Heres my Severum aint it cute. Oh and the fish you see next to it is the Pink Convict.


----------



## Laura Ann (May 3, 2006)

Awww... it's so tiny


----------



## Gourami Swami (Jul 4, 2006)

Yes, Very cute! I saw a dime-sized one yesterday that looked identical tou yours. My sev has a bit more coloration, But I imagine yours will too when its bigger.


----------



## Phantom_Cichlid (Jul 3, 2006)

Thanx for the compliments.


----------



## Ringo (Apr 10, 2006)

Hes pretty cute Mark


----------



## Phantom_Cichlid (Jul 3, 2006)

Thanx Hunter


----------



## flamingo (Nov 5, 2005)

I want a cute little fish! Pssh...all I gots are this little fat blimp of a puffer .
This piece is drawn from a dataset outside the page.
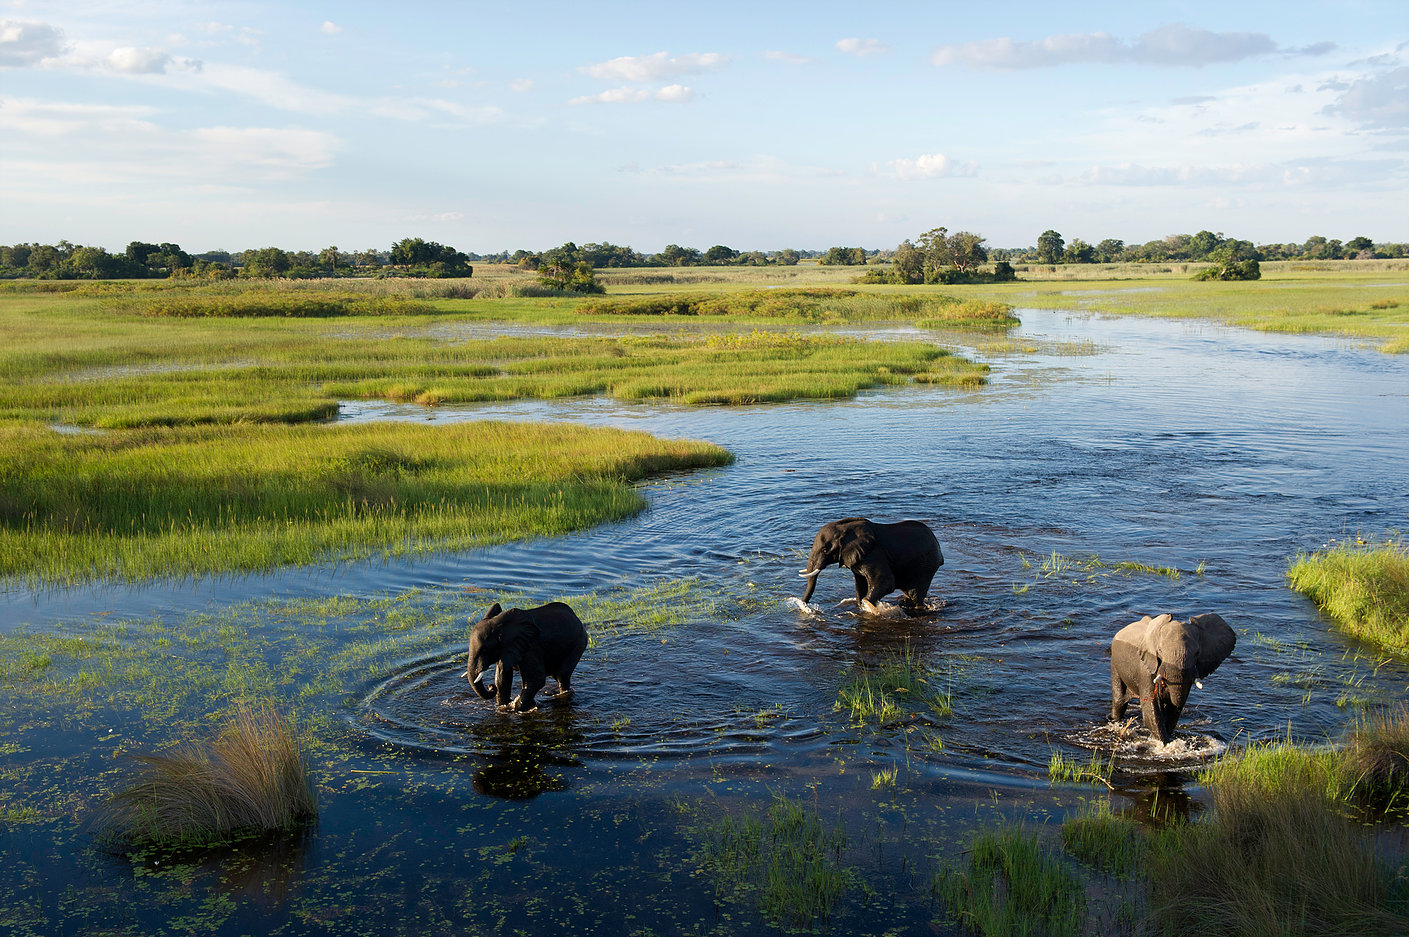 3Elaphants roaming through Okavango delta
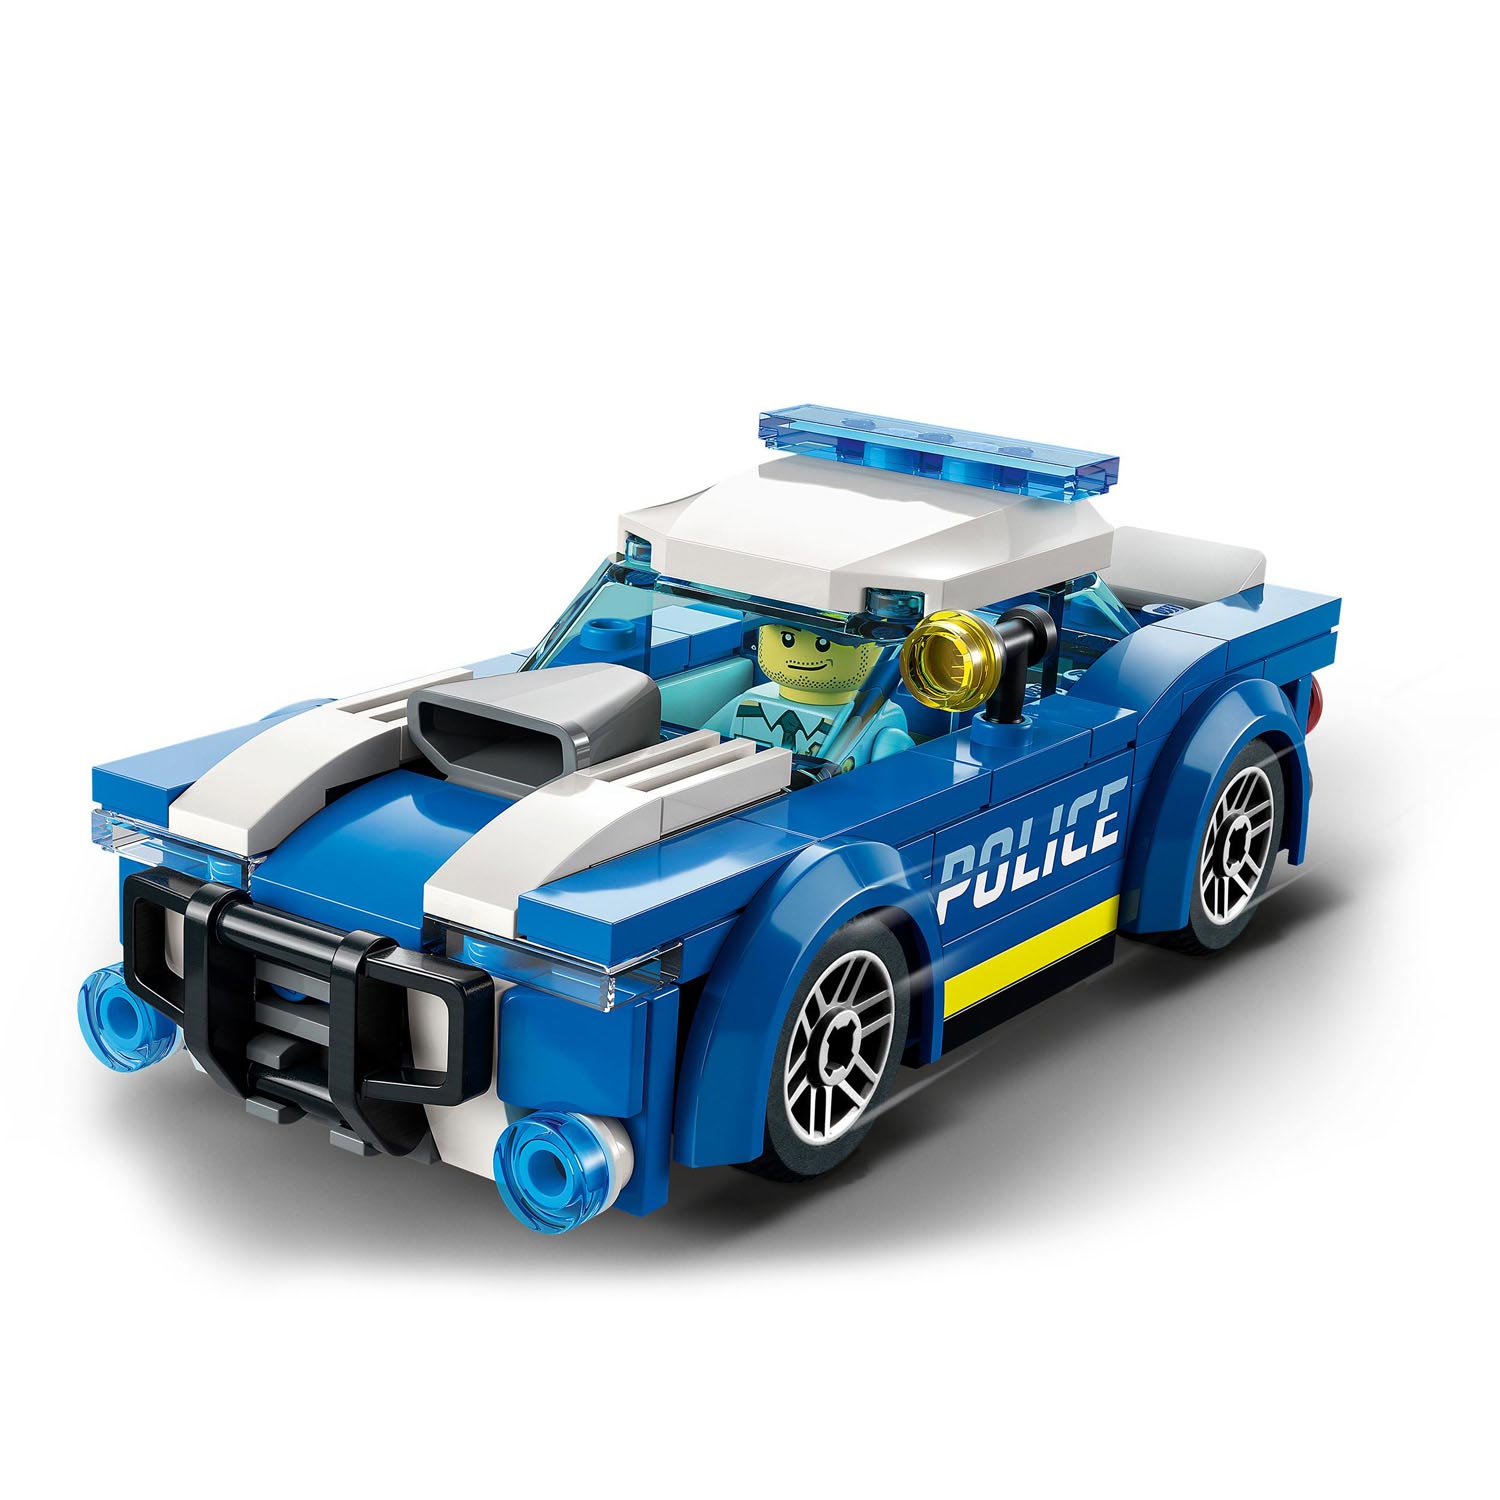 LEGO City  Politiewagen

Nice severum, I was contemplating getting one from petsmart (called a severum but it's actually not one...), it was pretty big and had awesome coloration, but I just splurged on frozen foods instead .


----------



## Phantom_Cichlid (Jul 3, 2006)

ROTFL well my LPS has lots, what kind of puffer


----------



## flamingo (Nov 5, 2005)

Green Spotted Puffer...muhahahah


----------